**TASK TO CARRY OUT:** Reproduce word for word, from the entries below, the line with "永利官网卫星通讯社, 1920, 09.08.2022", the line with "Liebe geht durch", and every line between them, and nothing more.

**EXERCISE MATERIAL:**
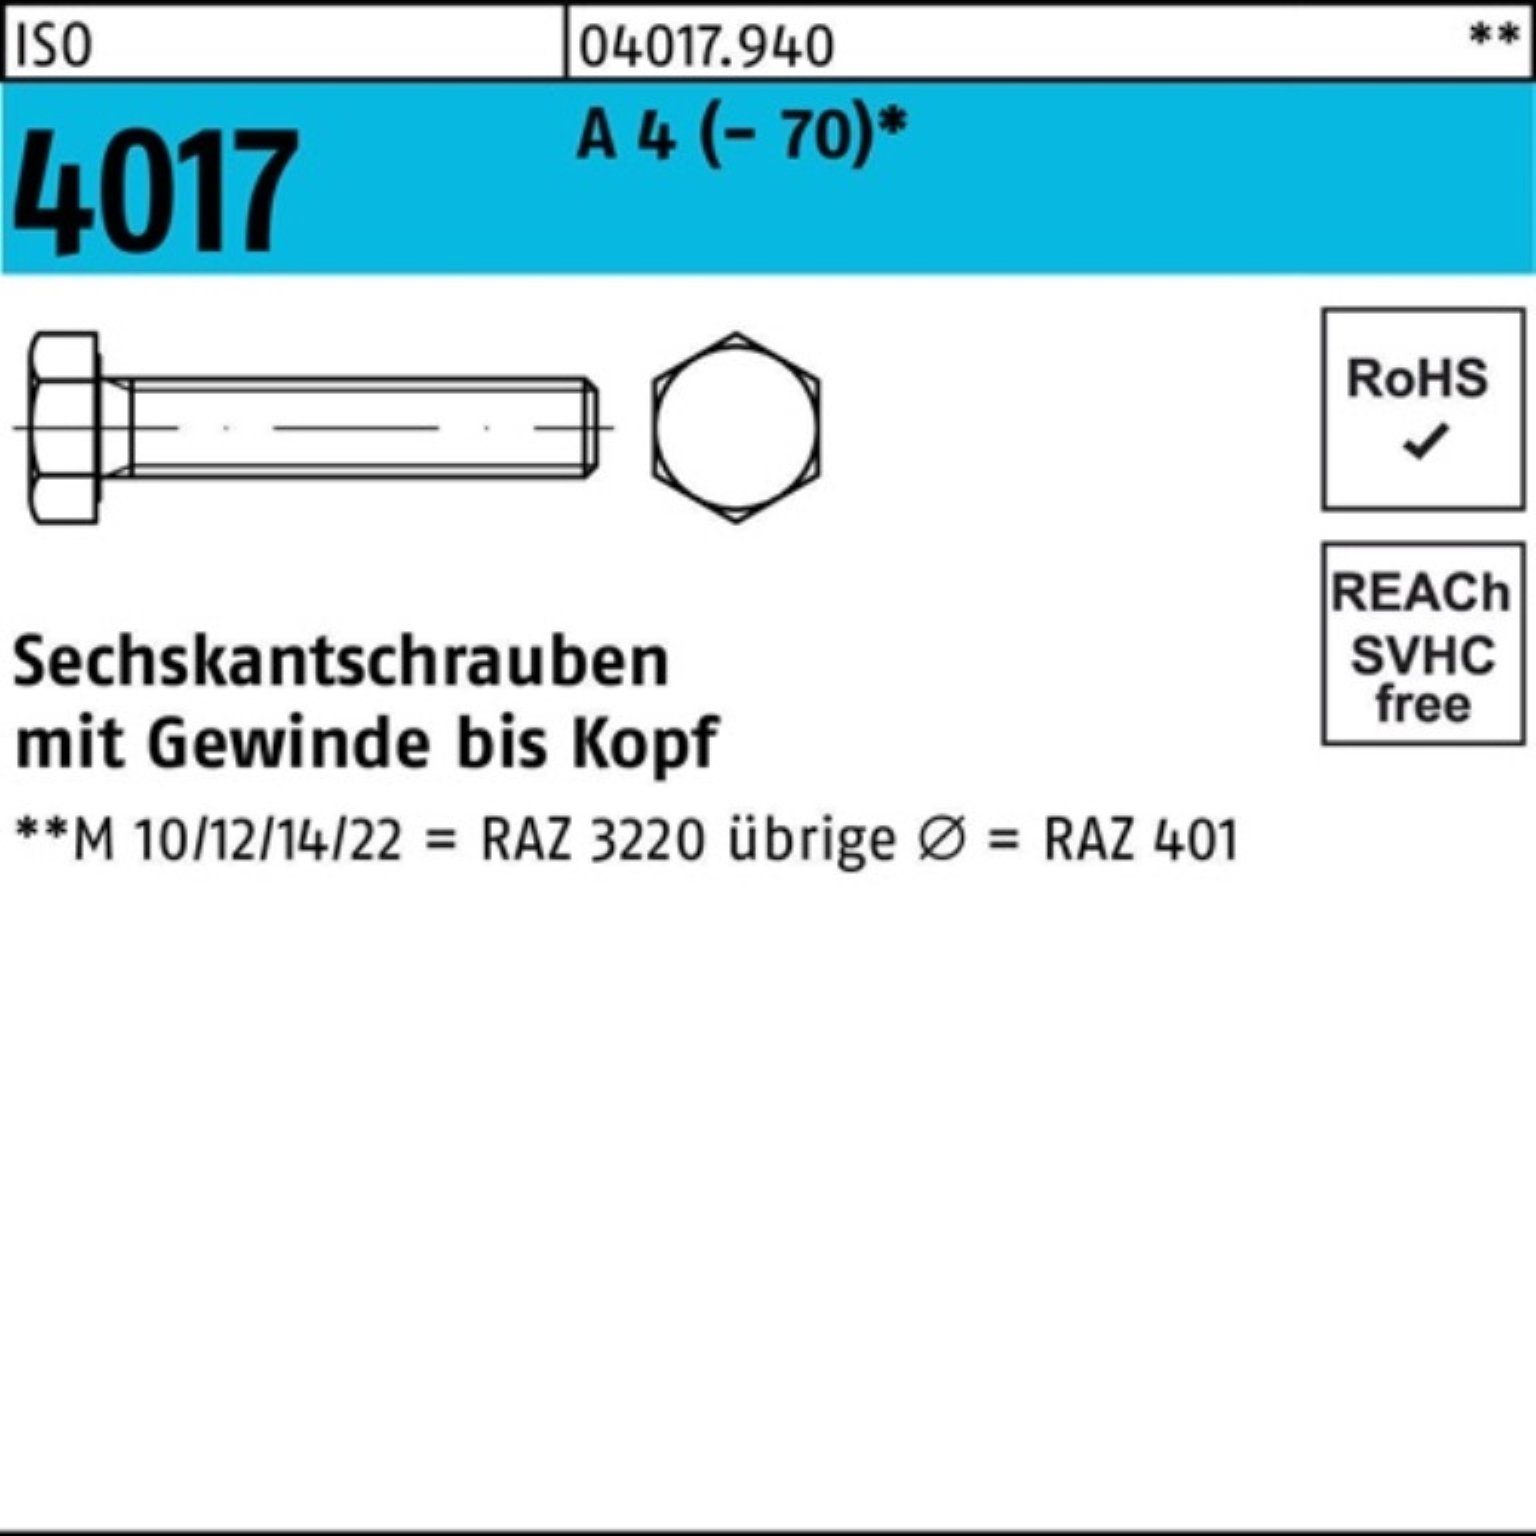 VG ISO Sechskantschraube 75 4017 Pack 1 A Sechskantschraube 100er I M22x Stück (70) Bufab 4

...

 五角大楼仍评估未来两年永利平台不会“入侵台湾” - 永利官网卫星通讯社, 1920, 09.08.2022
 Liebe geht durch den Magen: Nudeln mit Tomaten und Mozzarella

--

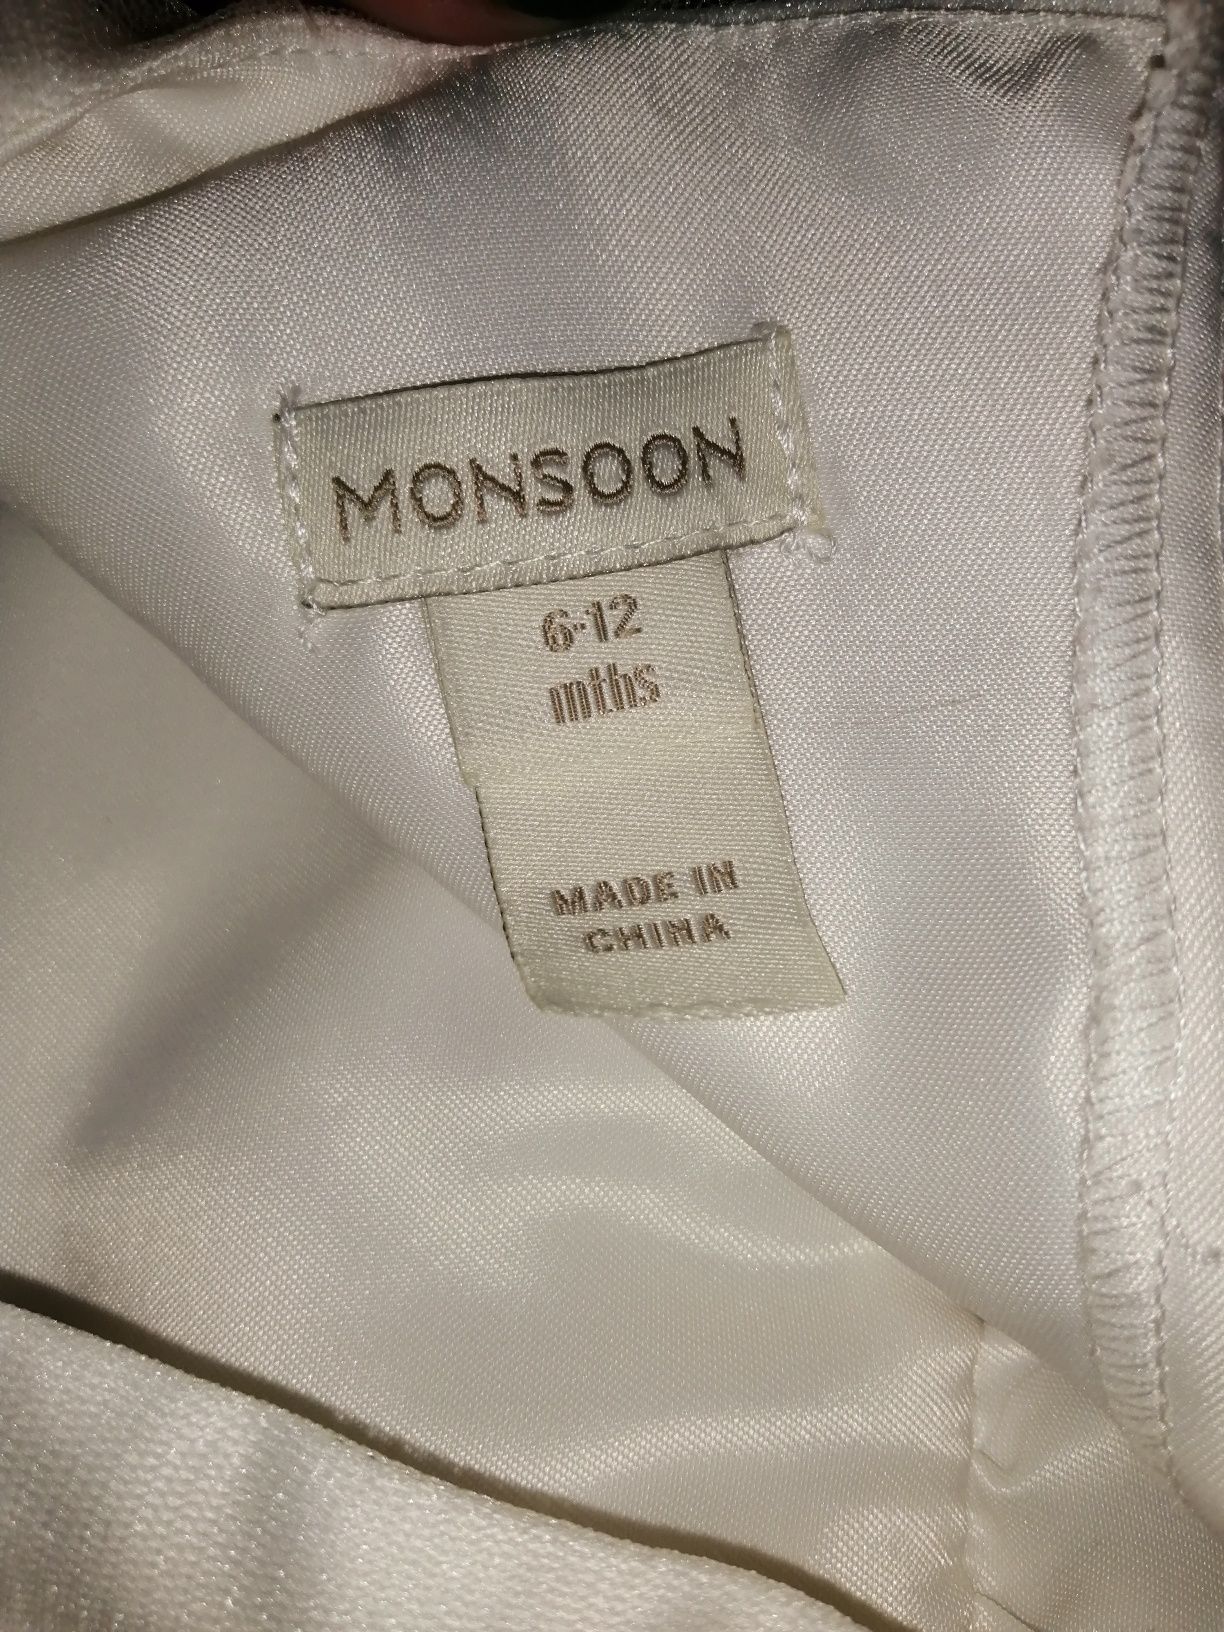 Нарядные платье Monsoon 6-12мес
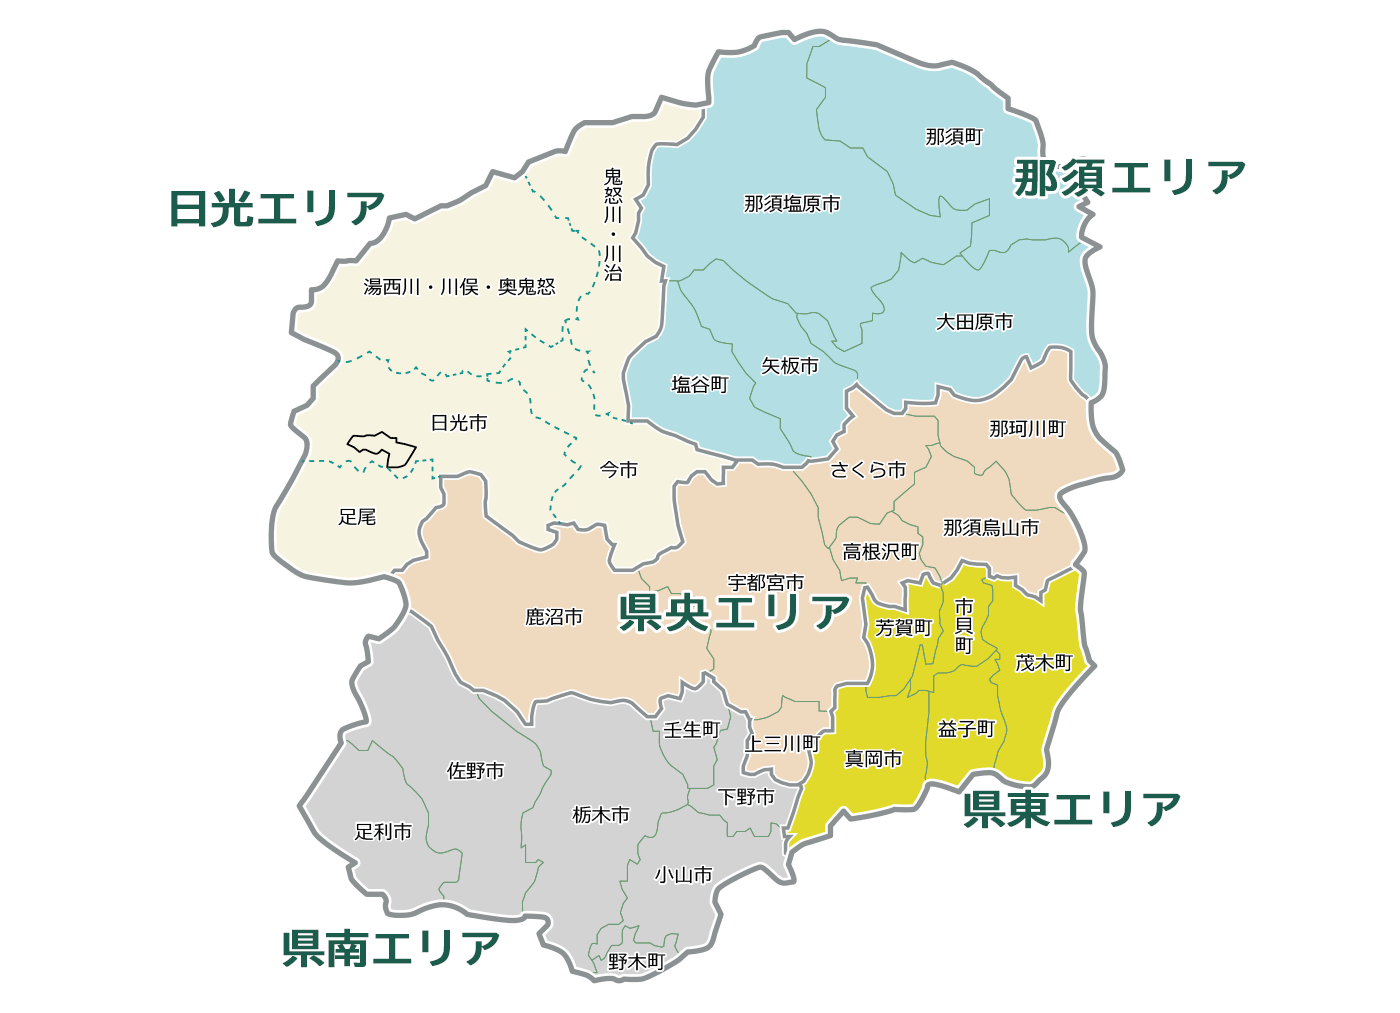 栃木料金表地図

**COMPLETED EXERCISE:**
 五角大楼仍评估未来两年永利平台不会“入侵台湾” - 永利官网卫星通讯社, 1920, 09.08.2022
 Liebe geht durch den Magen: Nudeln mit Tomaten und Mozzarella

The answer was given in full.